→ **WORK TO BE COMPLETED**
Repeat the listing exactly as given, omitting every image.
====== GIVEN INFORMATION
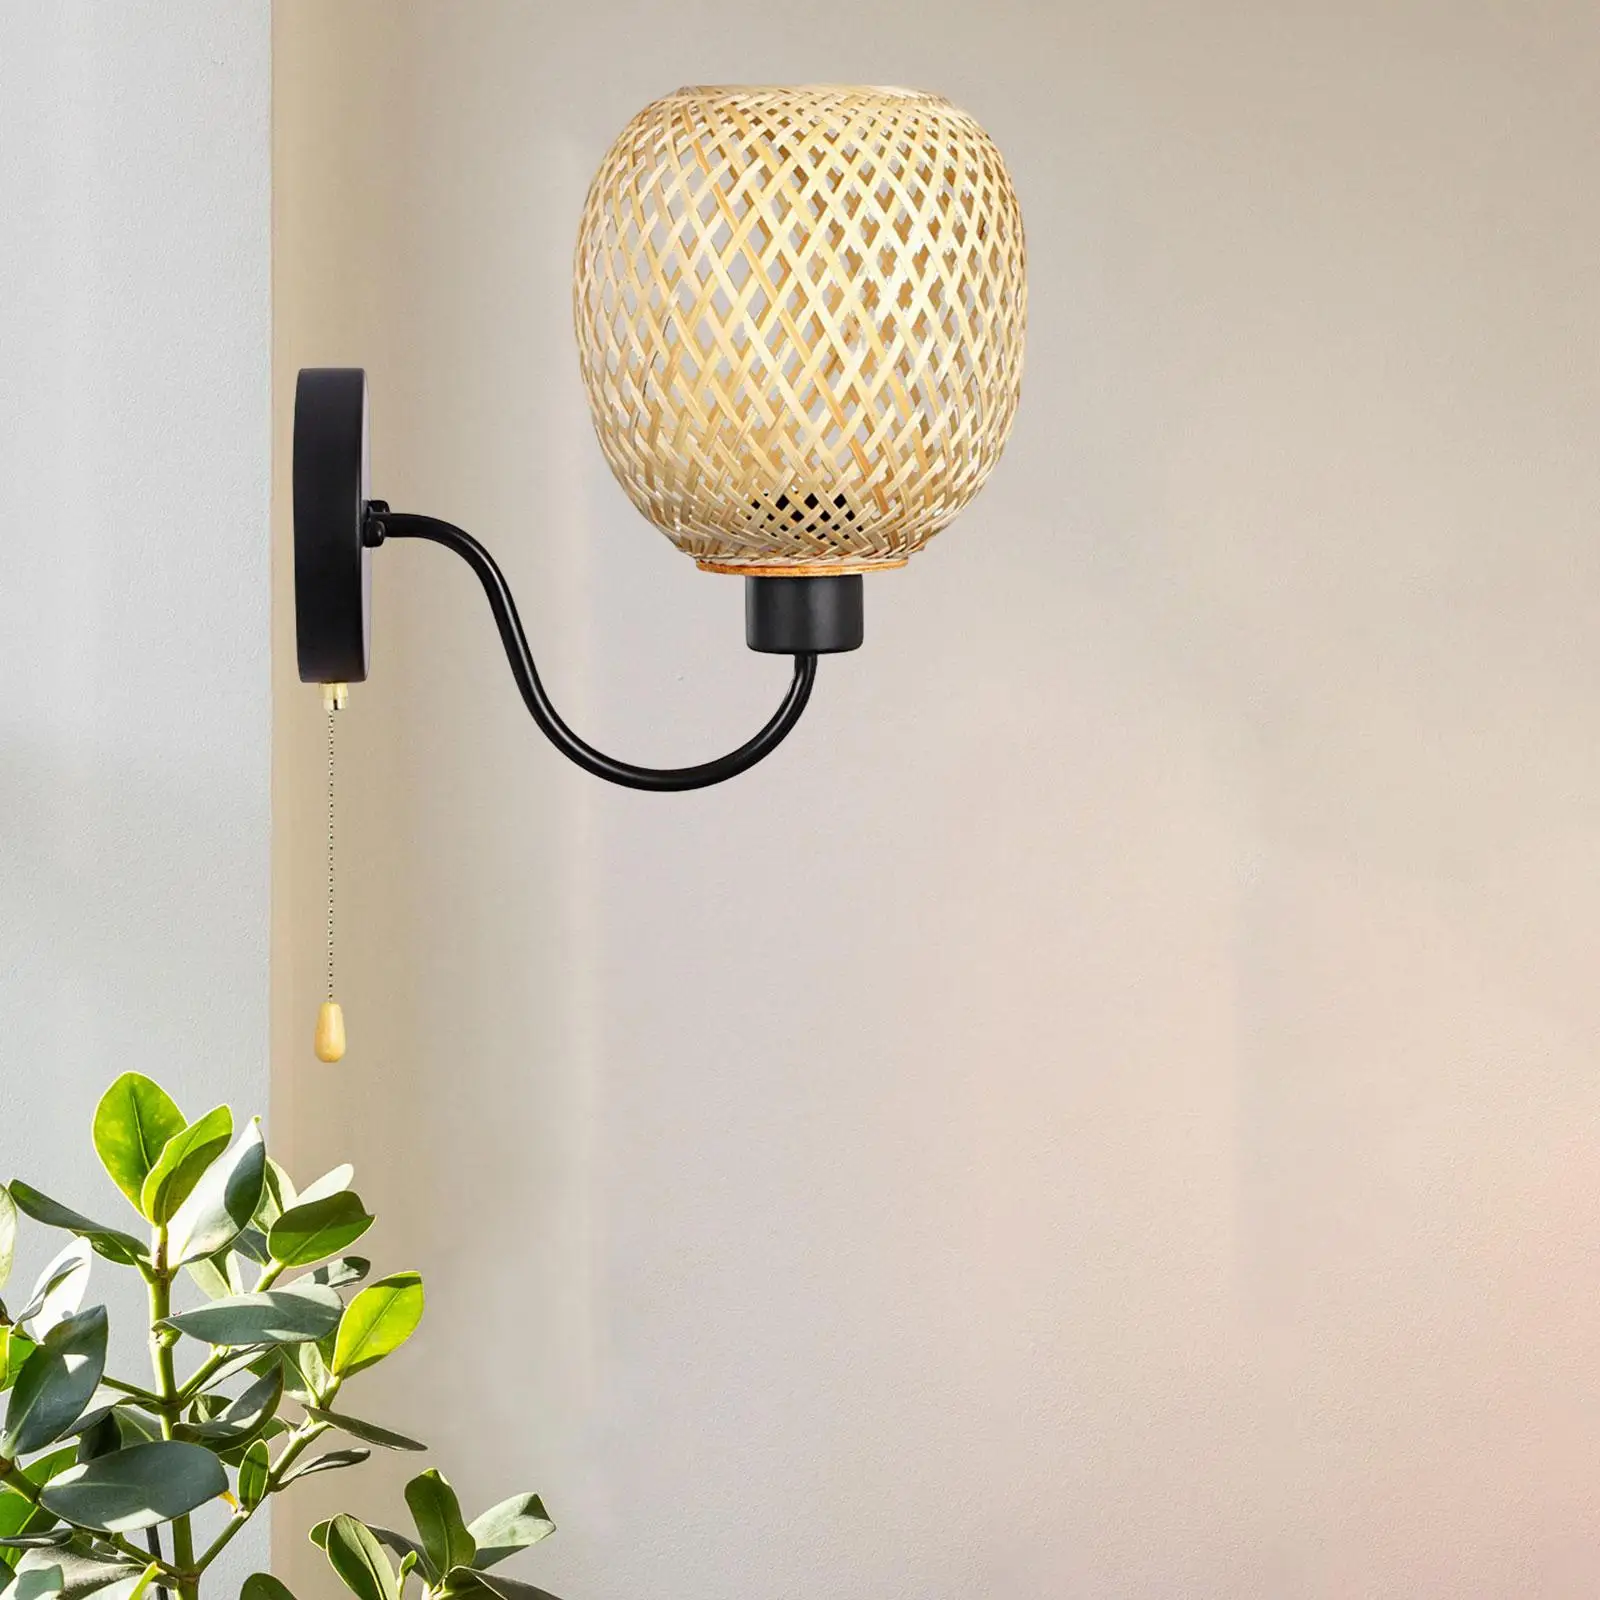 Antique style Lamp Shade E27 E26 Lampshade Rattan for Hallway
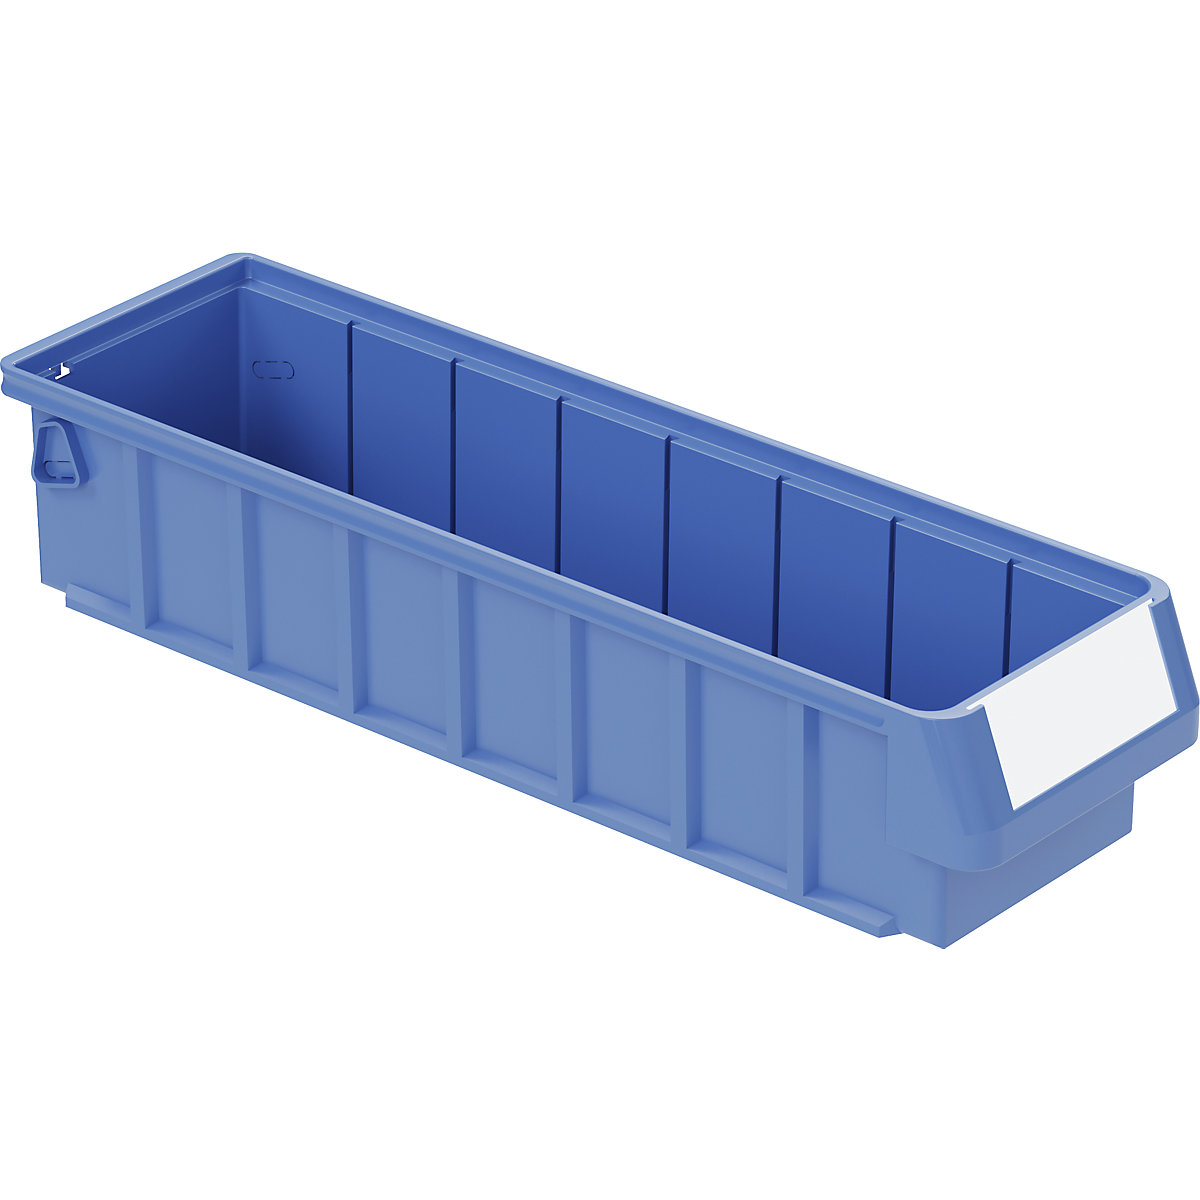 Shelf bin – BITO, made of PP, LxWxH 400 x 117 x 80 mm, pack of 16-7
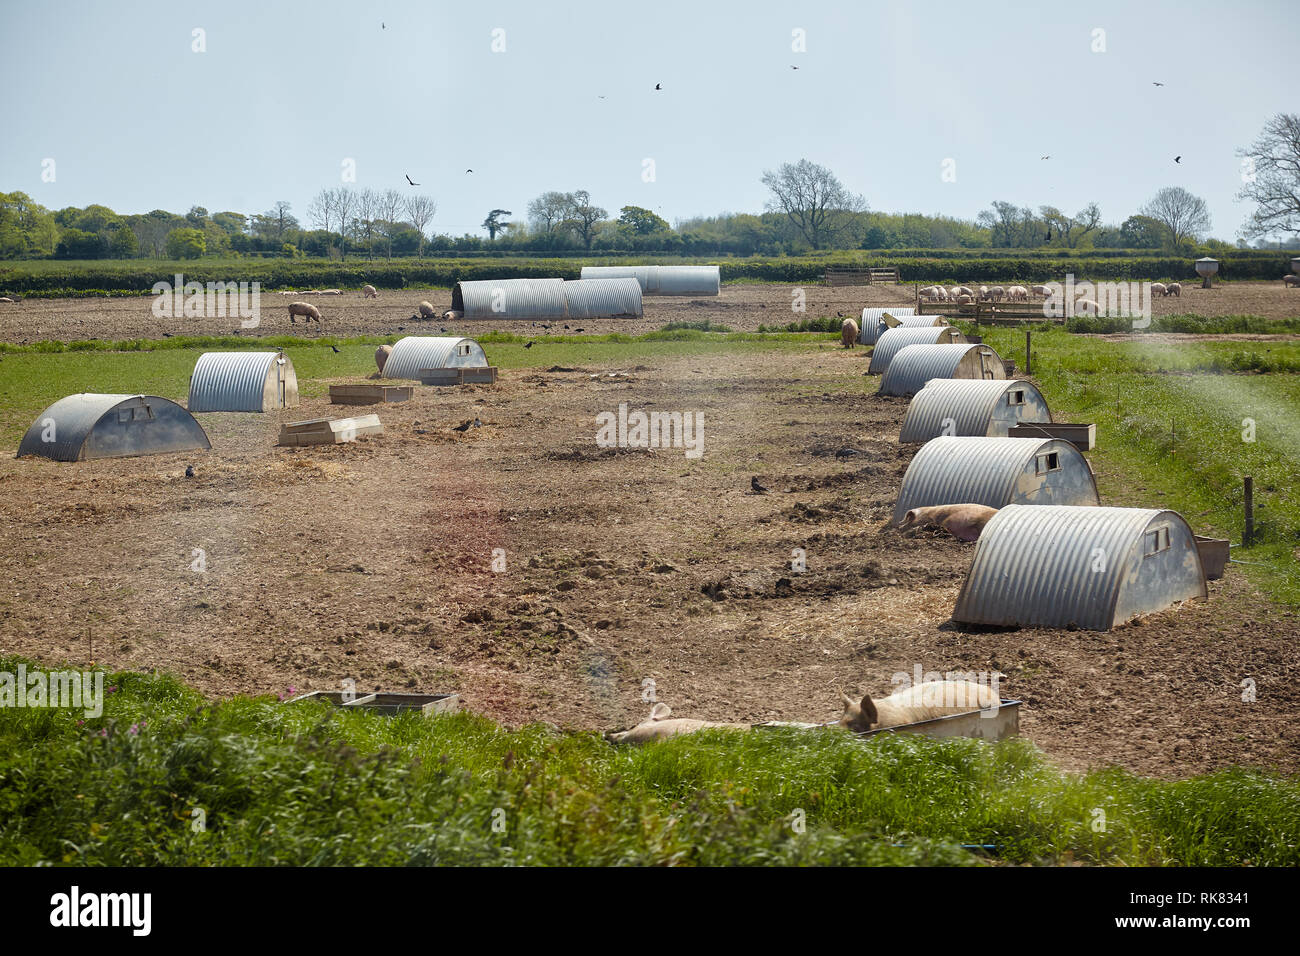 The view of the pigs near the pig ark on the outdoor pig unit in Devon. England Stock Photo
============
→ **YOUR RESPONSE**
 Antique style Lamp Shade E27 E26 Lampshade Rattan for Hallway
 Shelf bin – BITO, made of PP, LxWxH 400 x 117 x 80 mm, pack of 16-7
 The view of the pigs near the pig ark on the outdoor pig unit in Devon. England Stock Photo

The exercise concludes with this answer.